> WORK TO COMPLETE
The material below holds the lines to copy: from the one with "Мужские солнцезащитные очки" up to and including the one with "Fabricante riyo, anillo". Copy them exactly and skip the pictures.

> STUDY MATERIAL
--- START ---
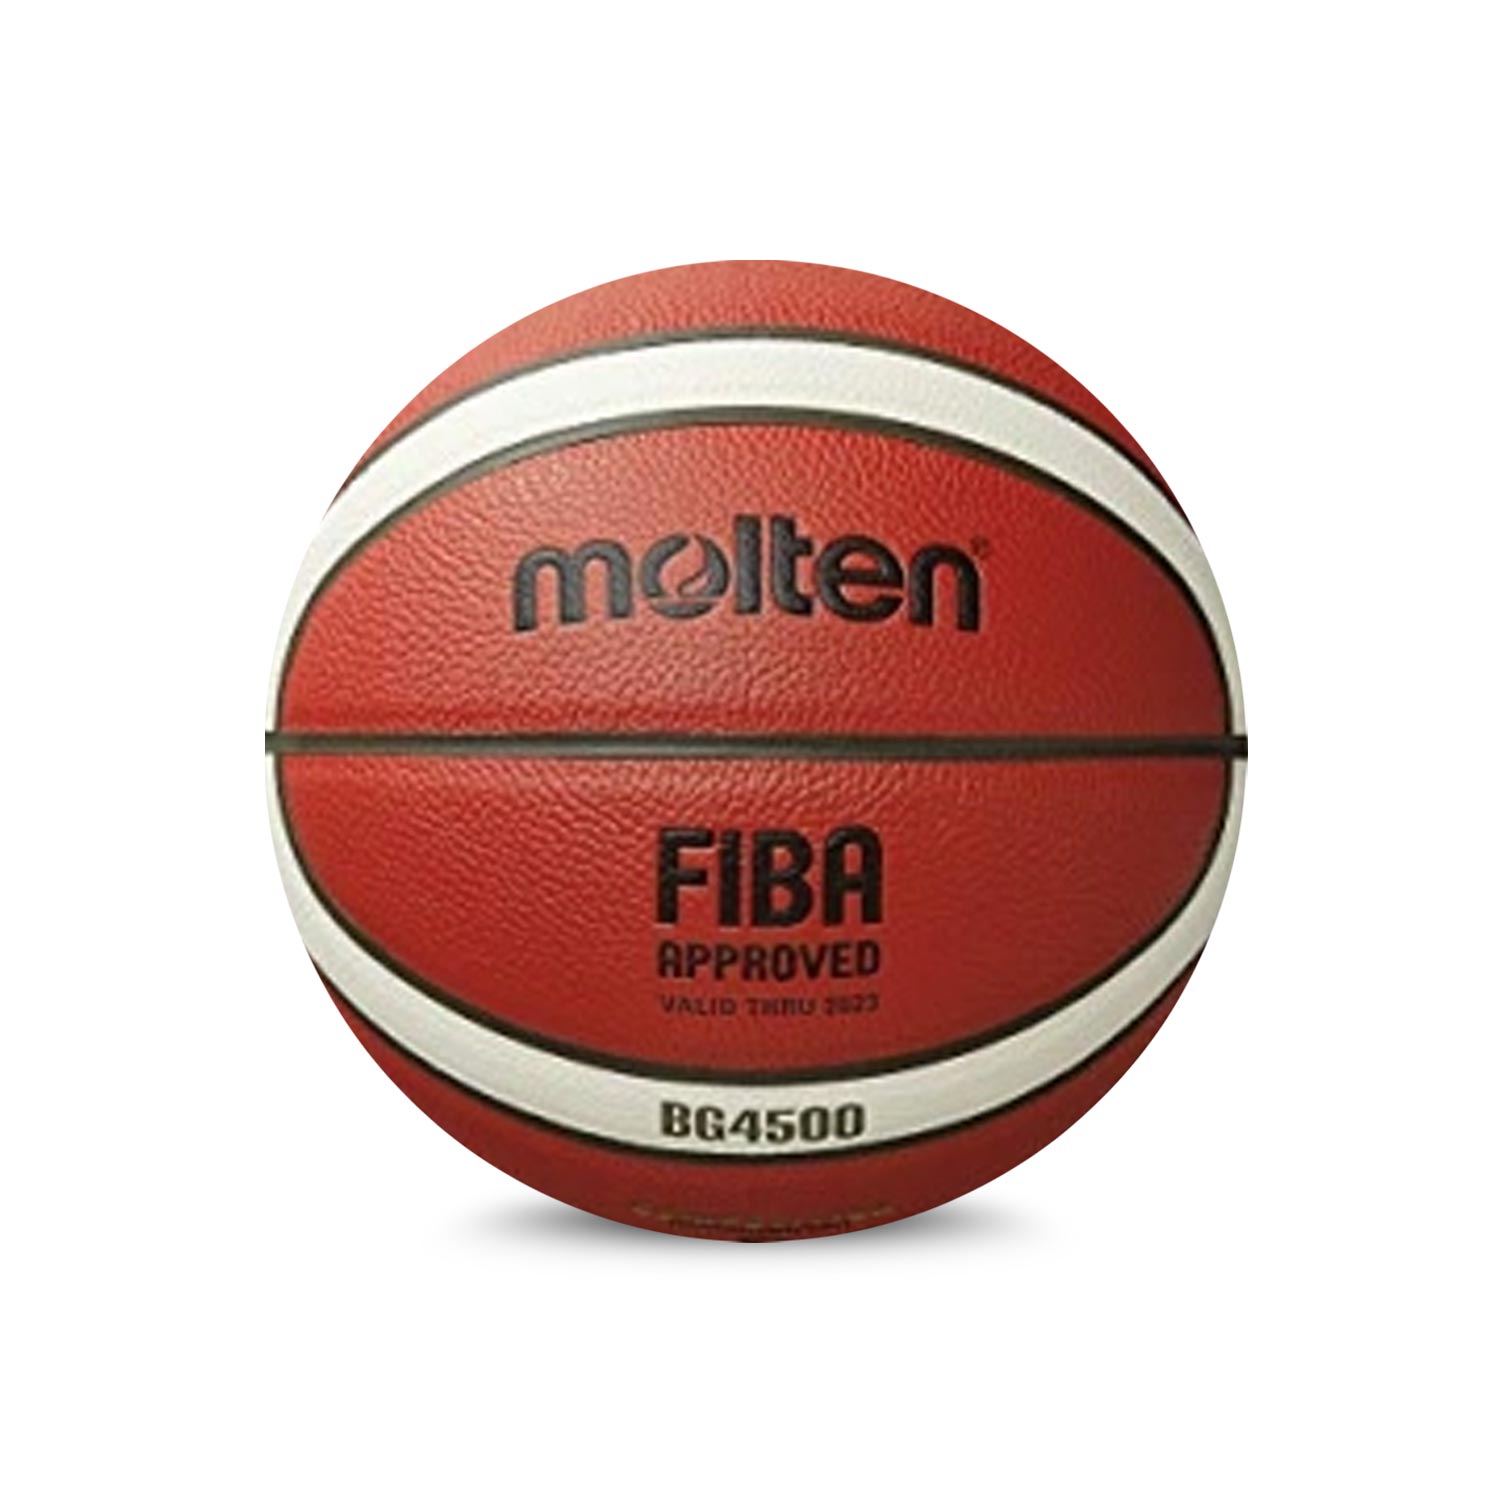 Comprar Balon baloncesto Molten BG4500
--- END ---
--- START ---
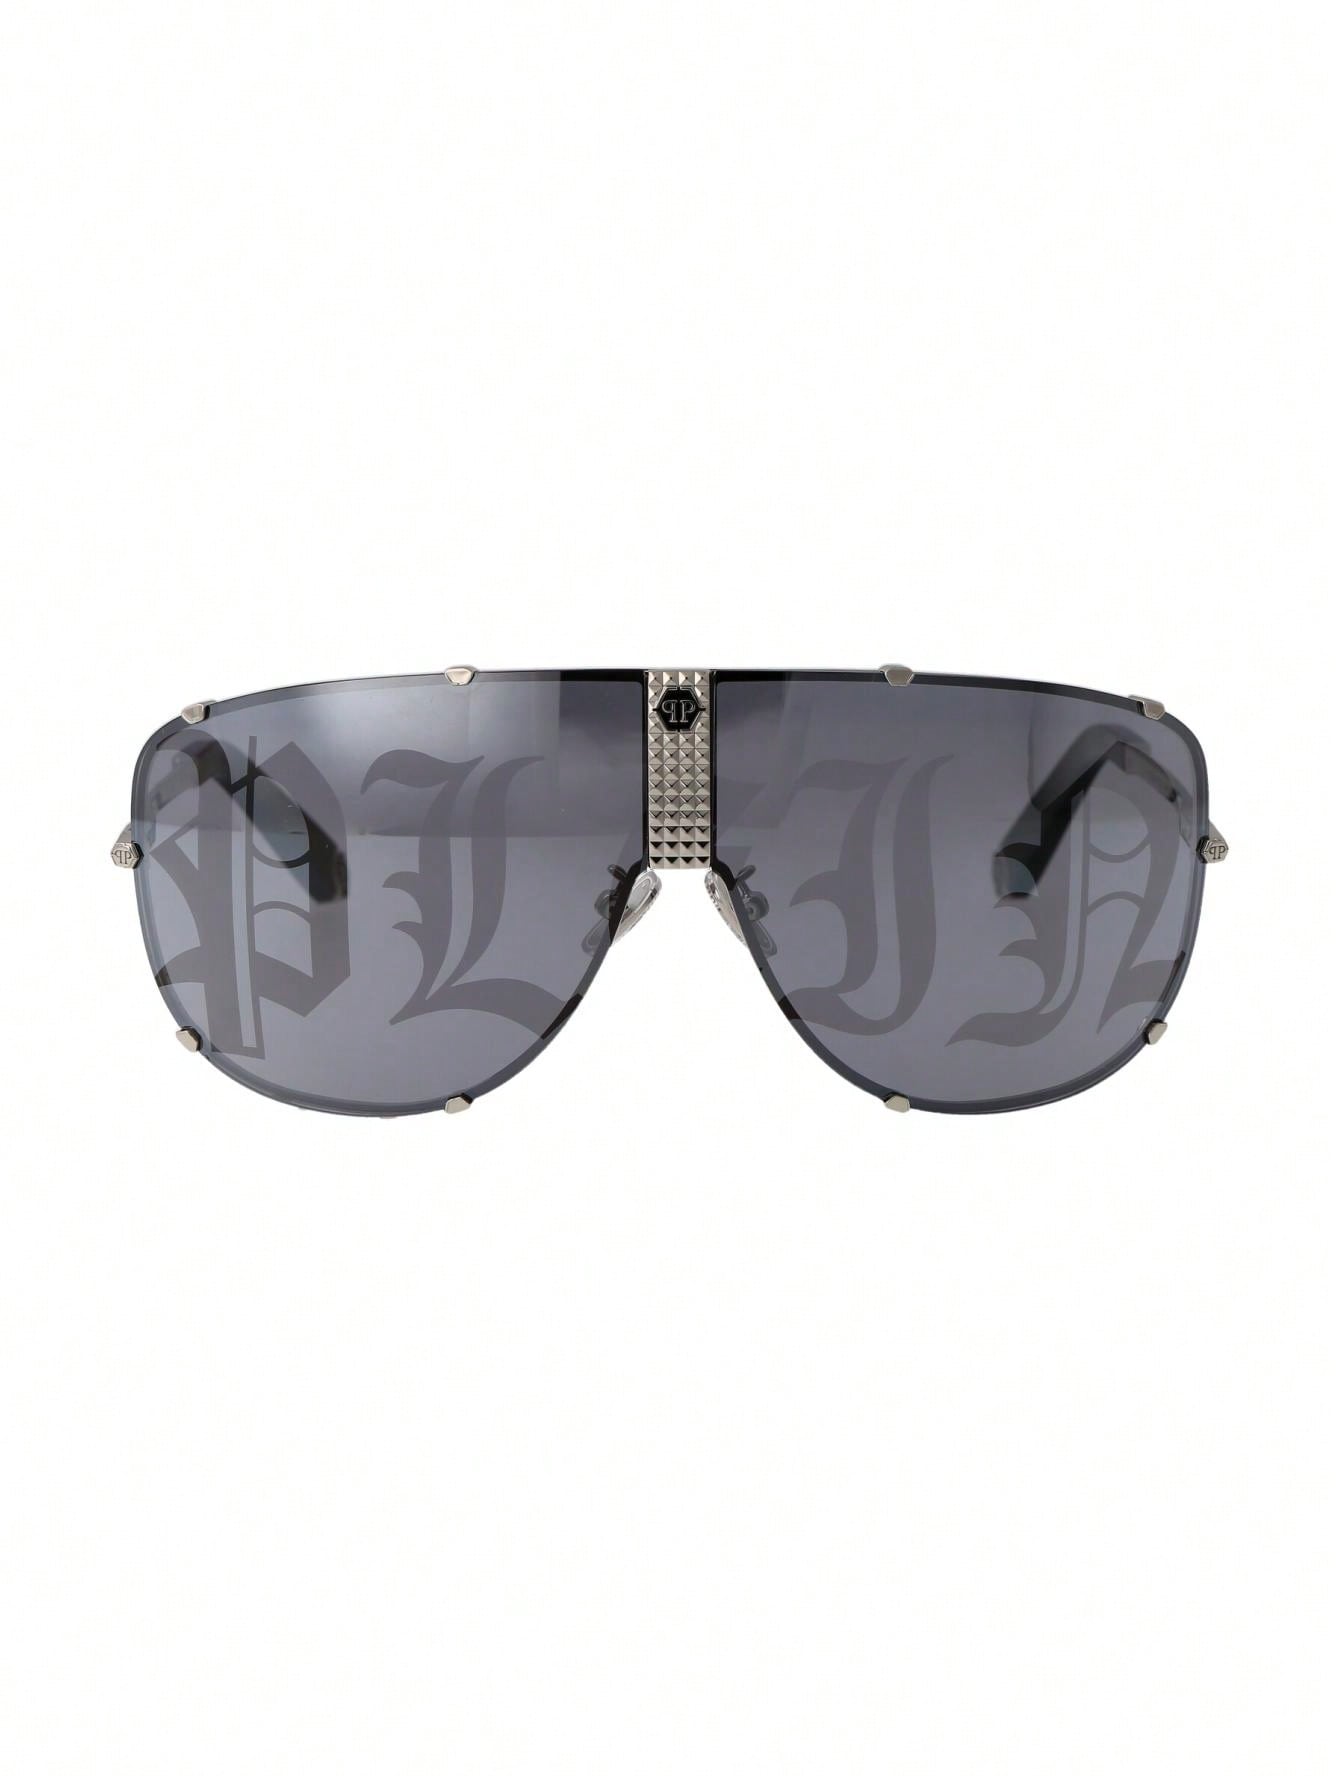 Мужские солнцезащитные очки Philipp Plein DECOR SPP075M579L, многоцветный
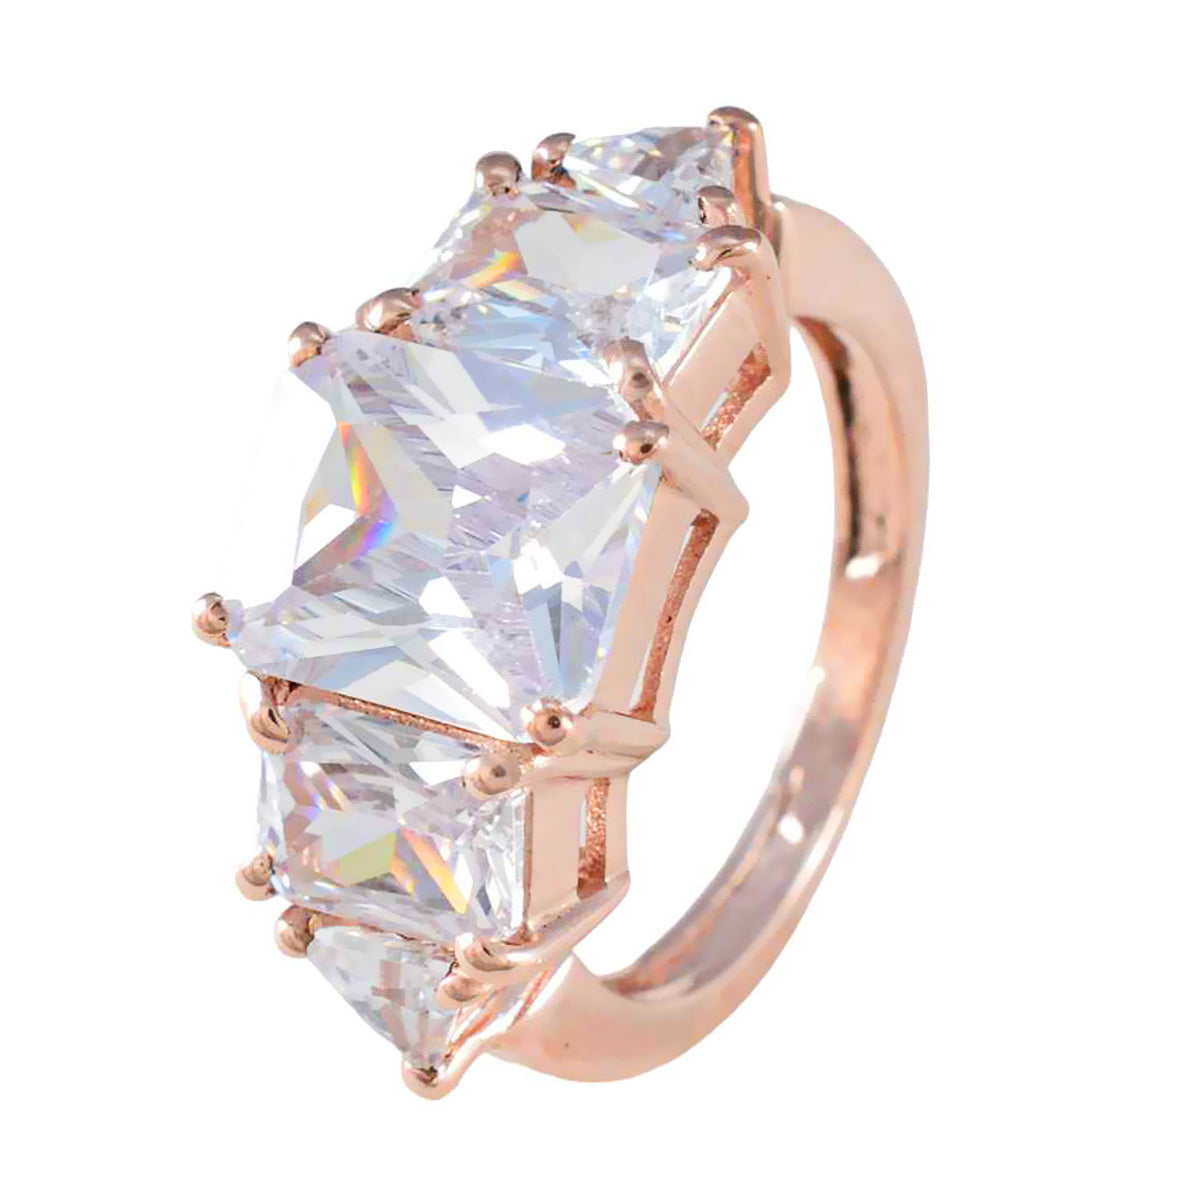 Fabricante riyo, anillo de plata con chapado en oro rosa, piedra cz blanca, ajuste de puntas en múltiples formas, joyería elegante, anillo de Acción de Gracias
--- END ---
> ANSWER SECTION
 Мужские солнцезащитные очки Philipp Plein DECOR SPP075M579L, многоцветный
 Fabricante riyo, anillo de plata con chapado en oro rosa, piedra cz blanca, ajuste de puntas en múltiples formas, joyería elegante, anillo de Acción de Gracias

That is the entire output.